- **WORK ORDER**
An exact copy of the entries, with every picture omitted, is what is needed here.

- **GIVEN RECORDS**
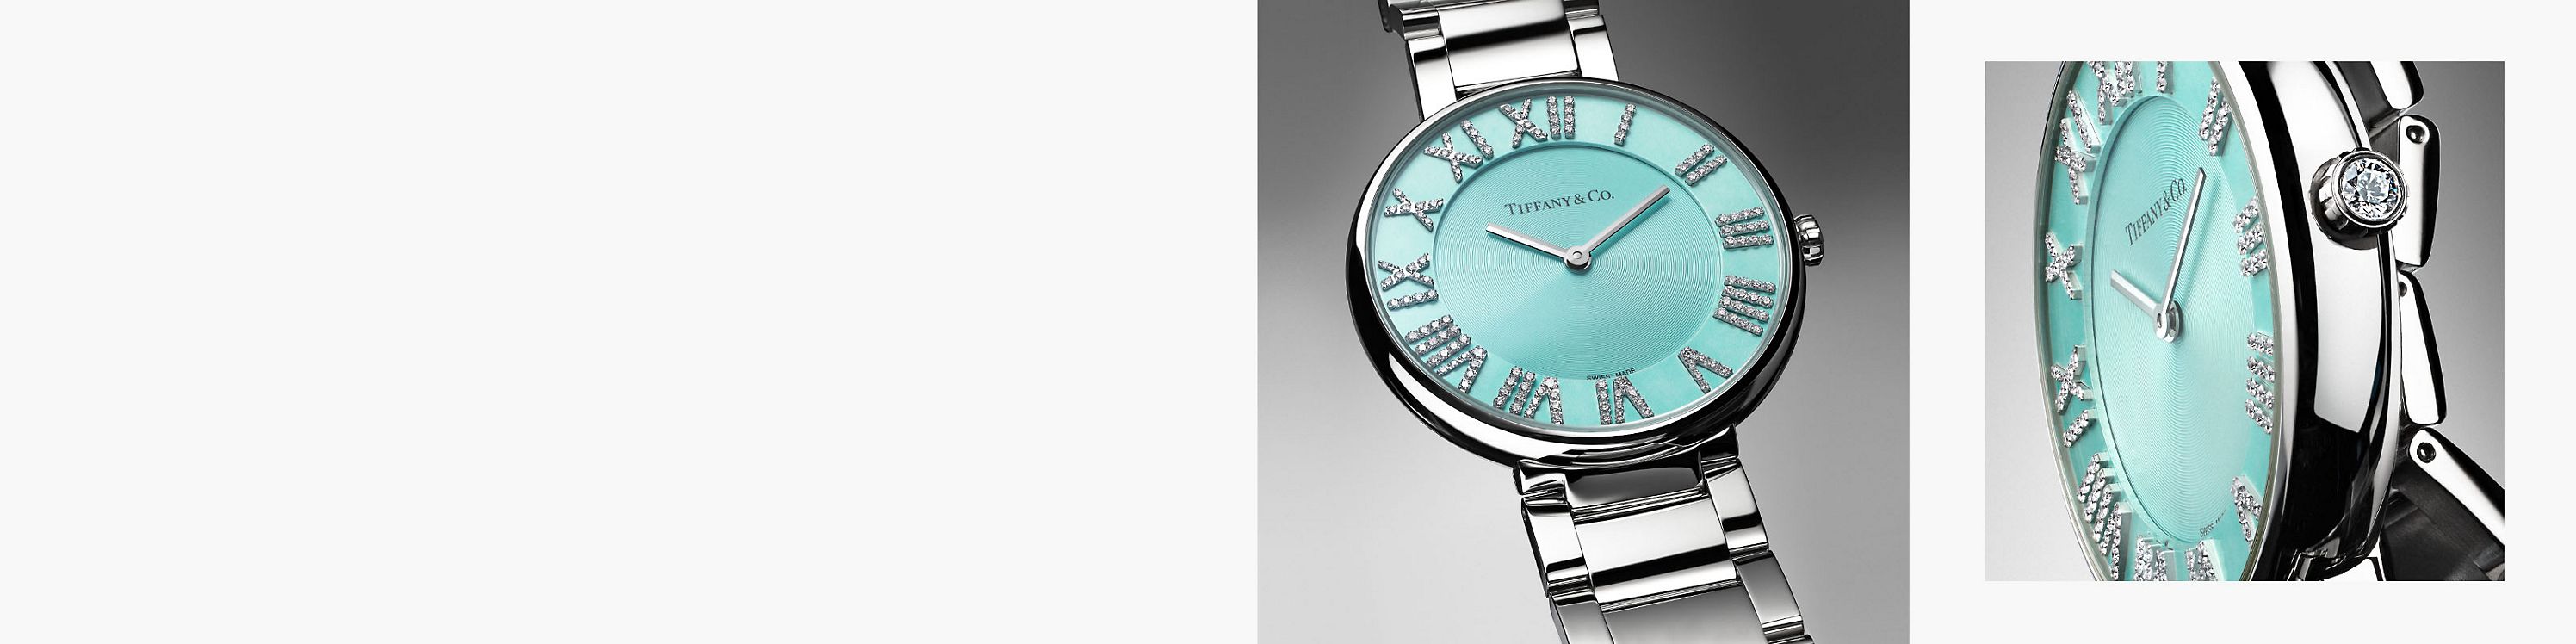 Scopri e acquista gli orologi Atlas® Tiffany & Co.
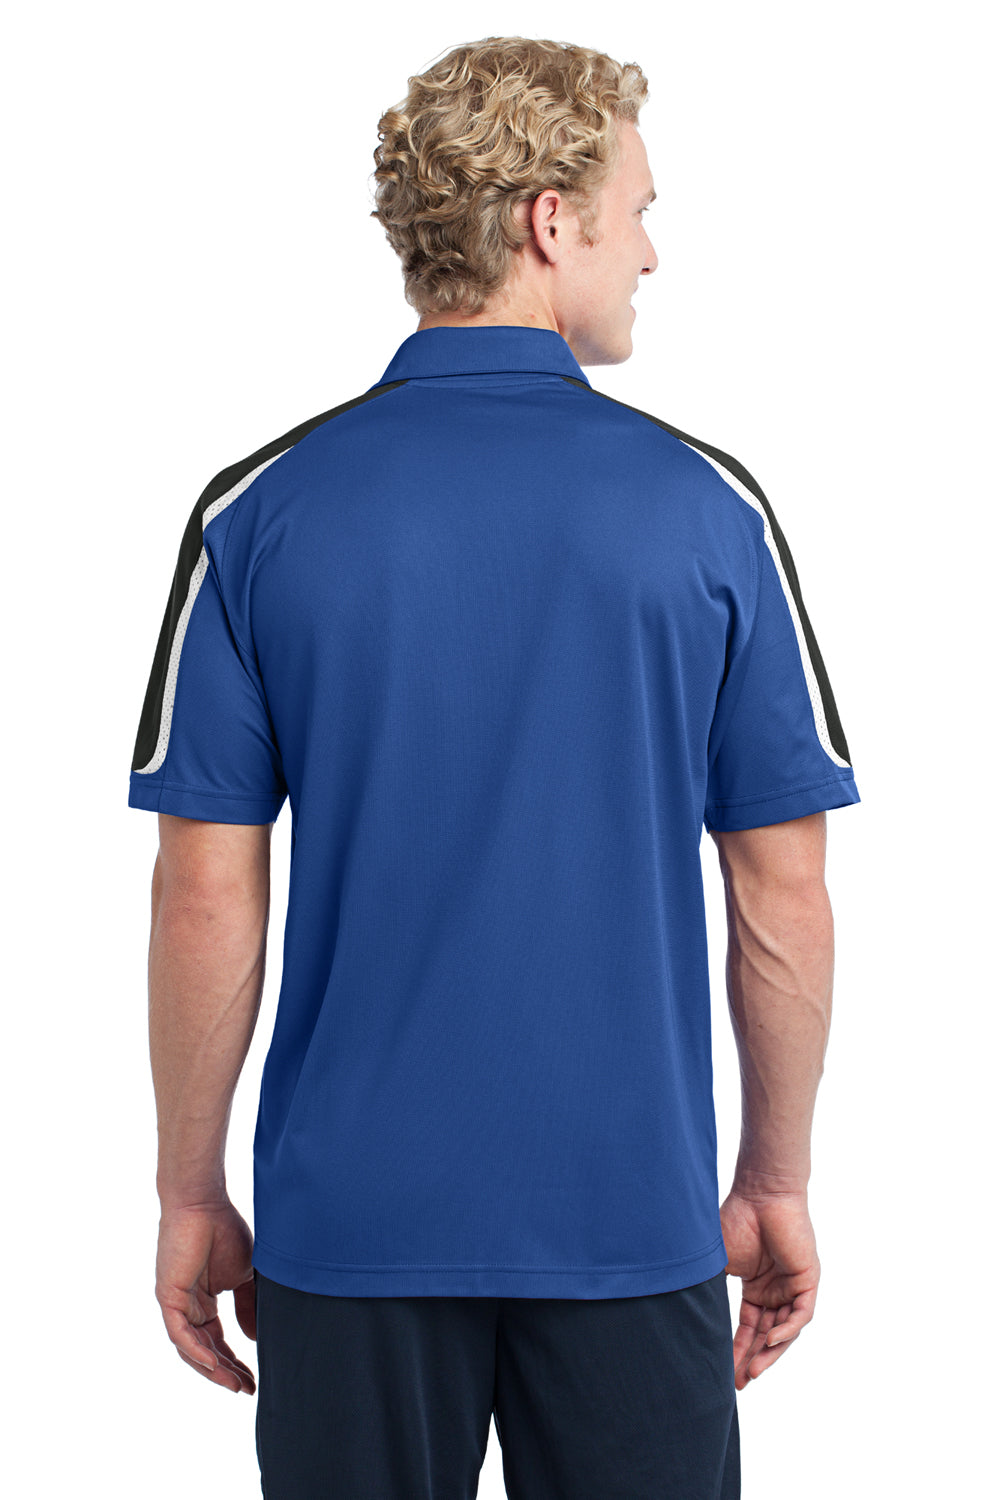 Sport-Tek ST658 Mens Sport-Wick Moisture Wicking Short Sleeve Polo Shirt Royal Blue/White/Black Back
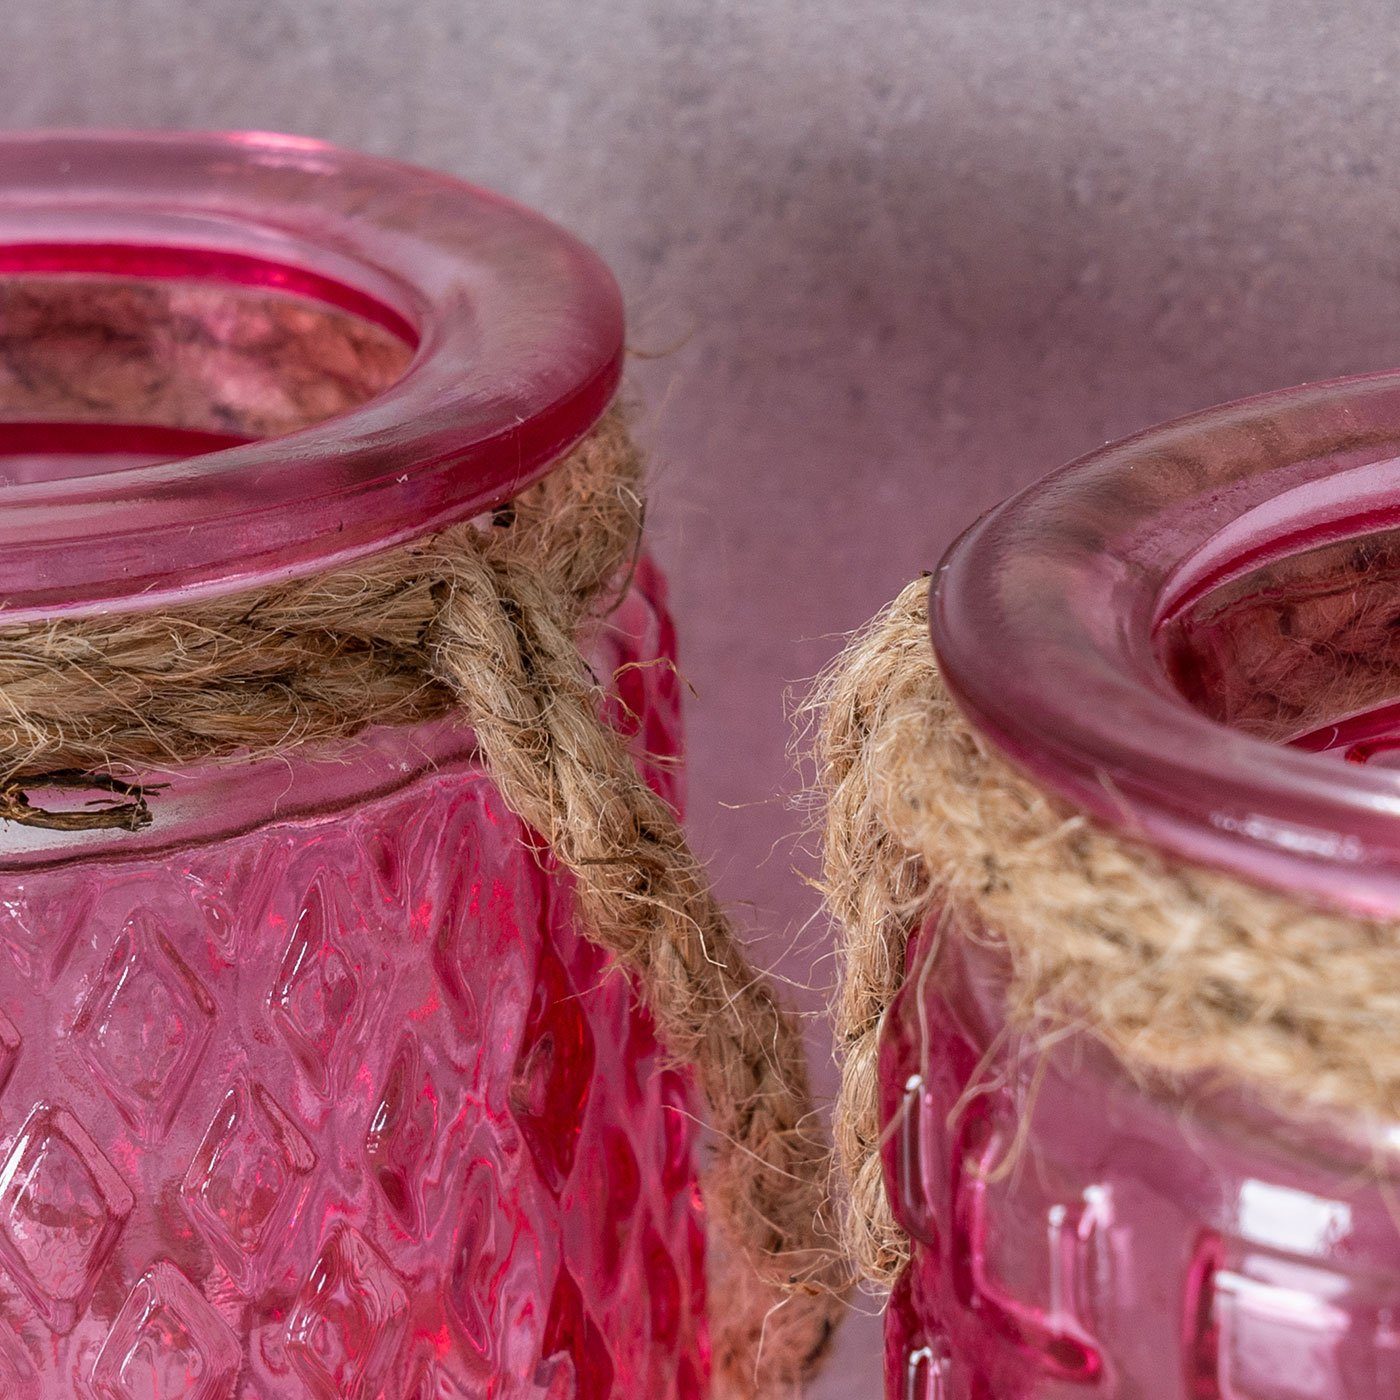 Levandeo® Teelichthalter, H10cm Rosa Set Teelichthalter Glas Windlicht Pink 4er Tischdeko
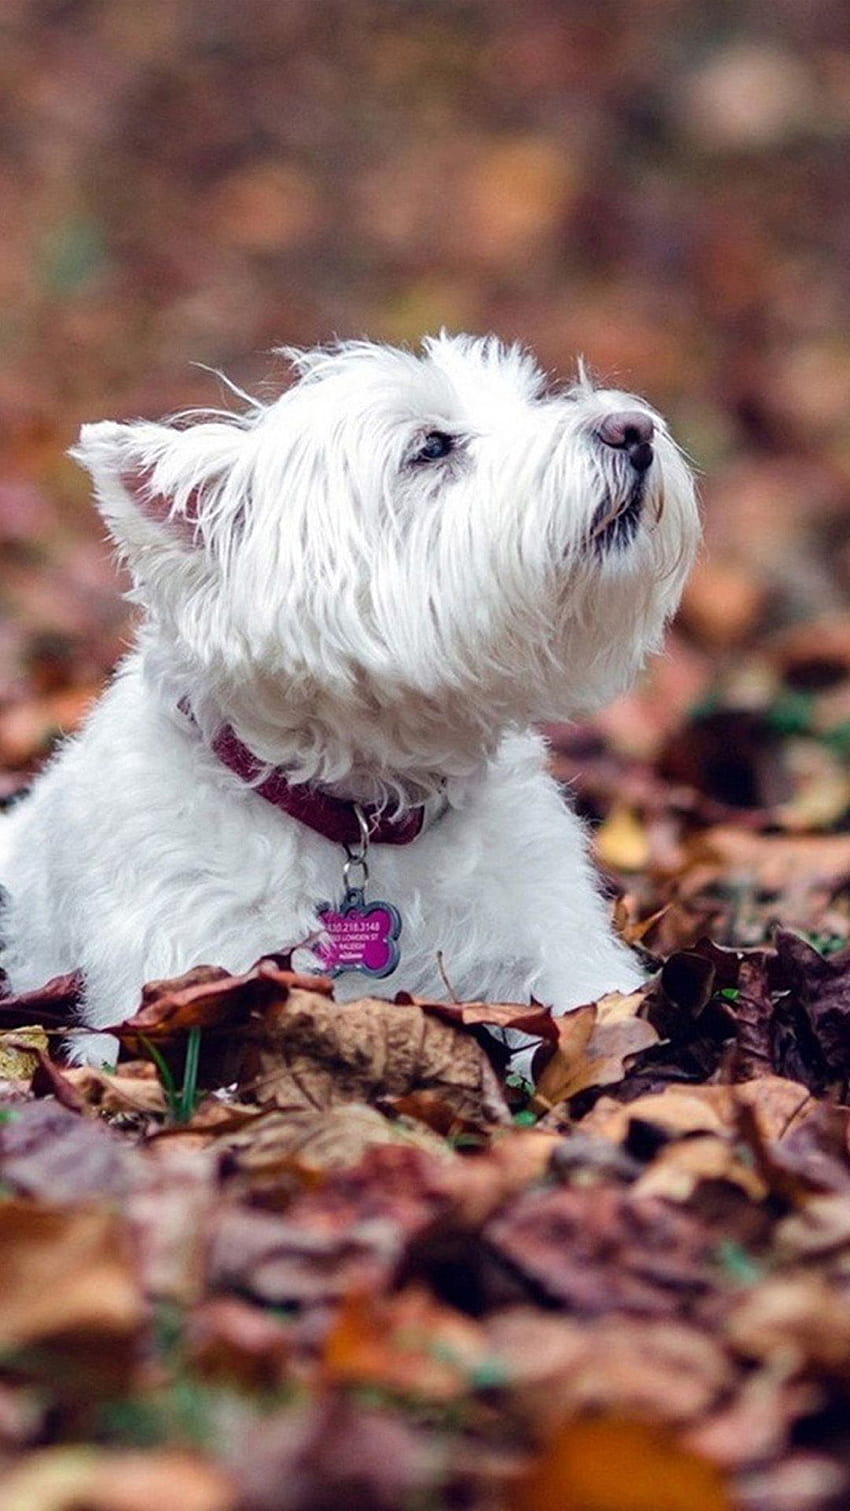 Chú chó West Highland White Terrier đáng yêu này chắc chắn sẽ làm bạn bật ngửa trái tim. Với bộ lông mềm mại, đôi mắt to tròn và nụ cười ngọt ngào, chú chó này sẽ làm nổi bật màn hình điện thoại của bạn. Nhấn vào hình ảnh và đắm mình trong niềm yêu thương và sự dễ thương của chú chó này.
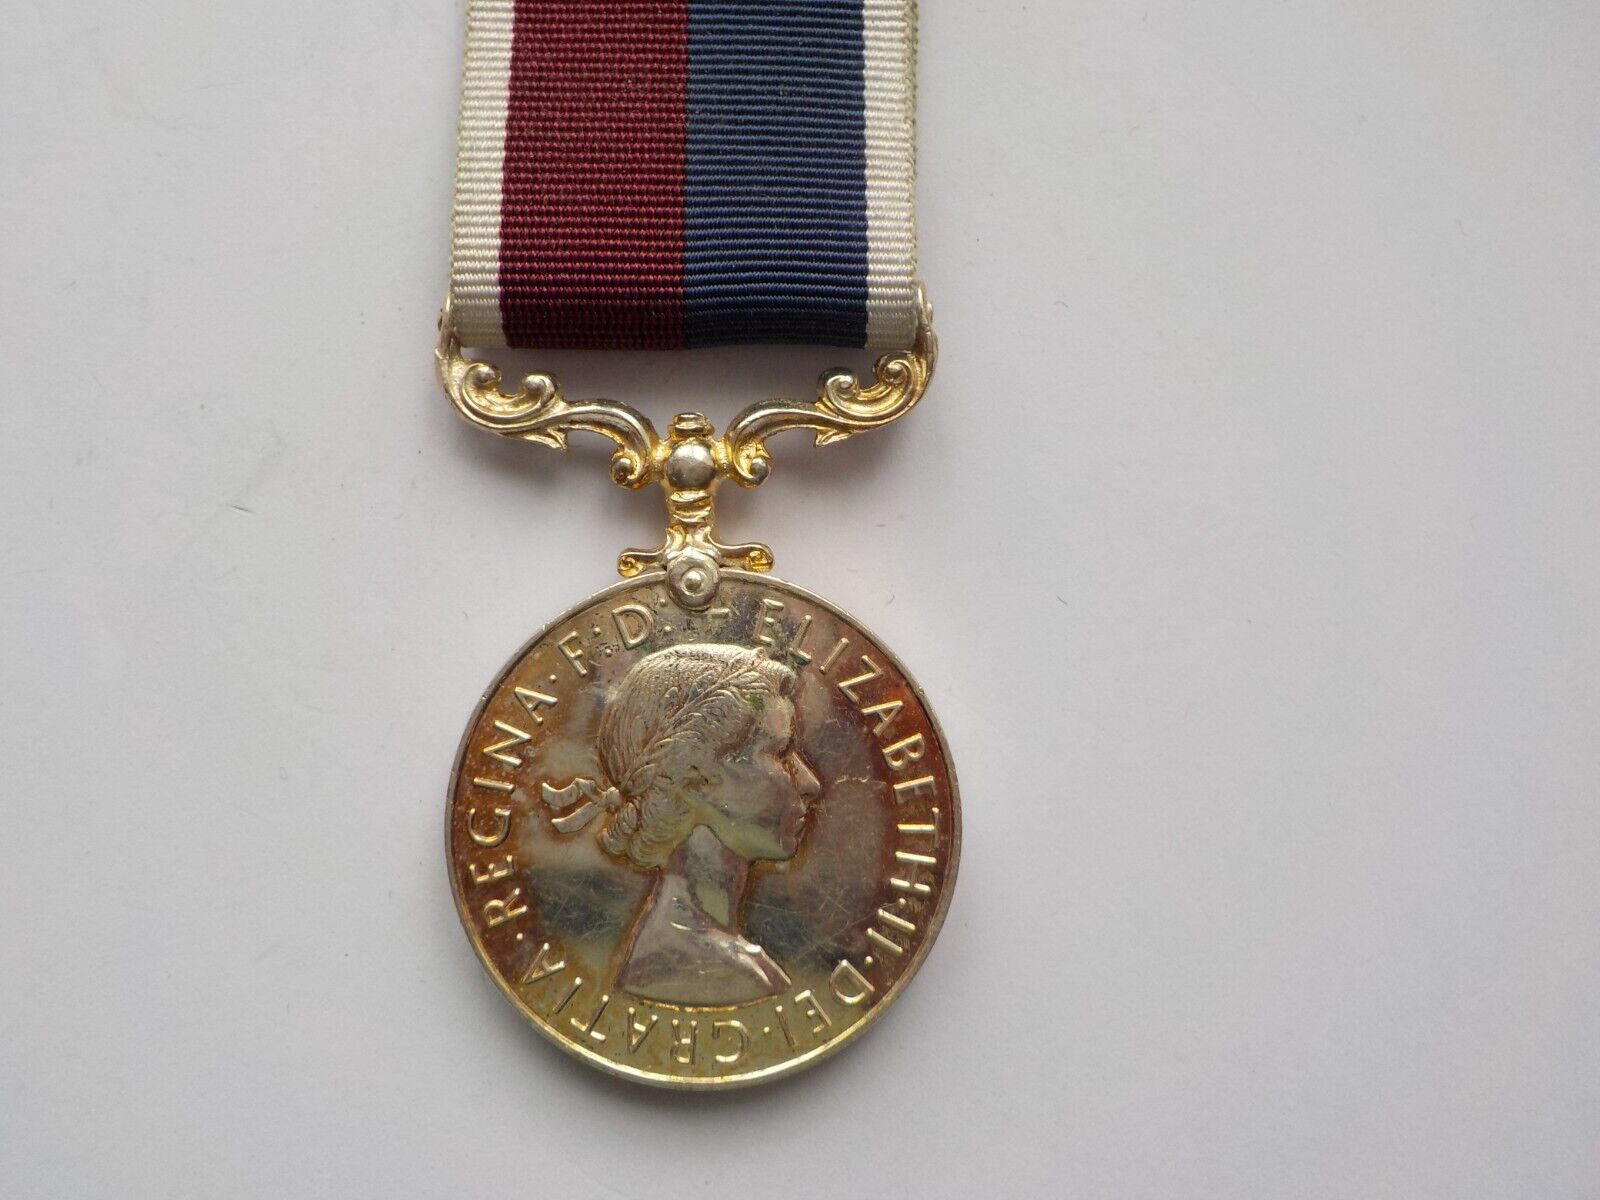 RAF service medal

- **EXERCISE SOLUTION**
 Scopri e acquista gli orologi Atlas® Tiffany & Co.
 Sport-Tek ST658 Mens Sport-Wick Moisture Wicking Short Sleeve Polo Shirt Royal Blue/White/Black Back
 Levandeo® Teelichthalter, H10cm Rosa Set Teelichthalter Glas Windlicht Pink 4er Tischdeko
 Chú chó West Highland White Terrier đáng yêu này chắc chắn sẽ làm bạn bật ngửa trái tim. Với bộ lông mềm mại, đôi mắt to tròn và nụ cười ngọt ngào, chú chó này sẽ làm nổi bật màn hình điện thoại của bạn. Nhấn vào hình ảnh và đắm mình trong niềm yêu thương và sự dễ thương của chú chó này.
 RAF service medal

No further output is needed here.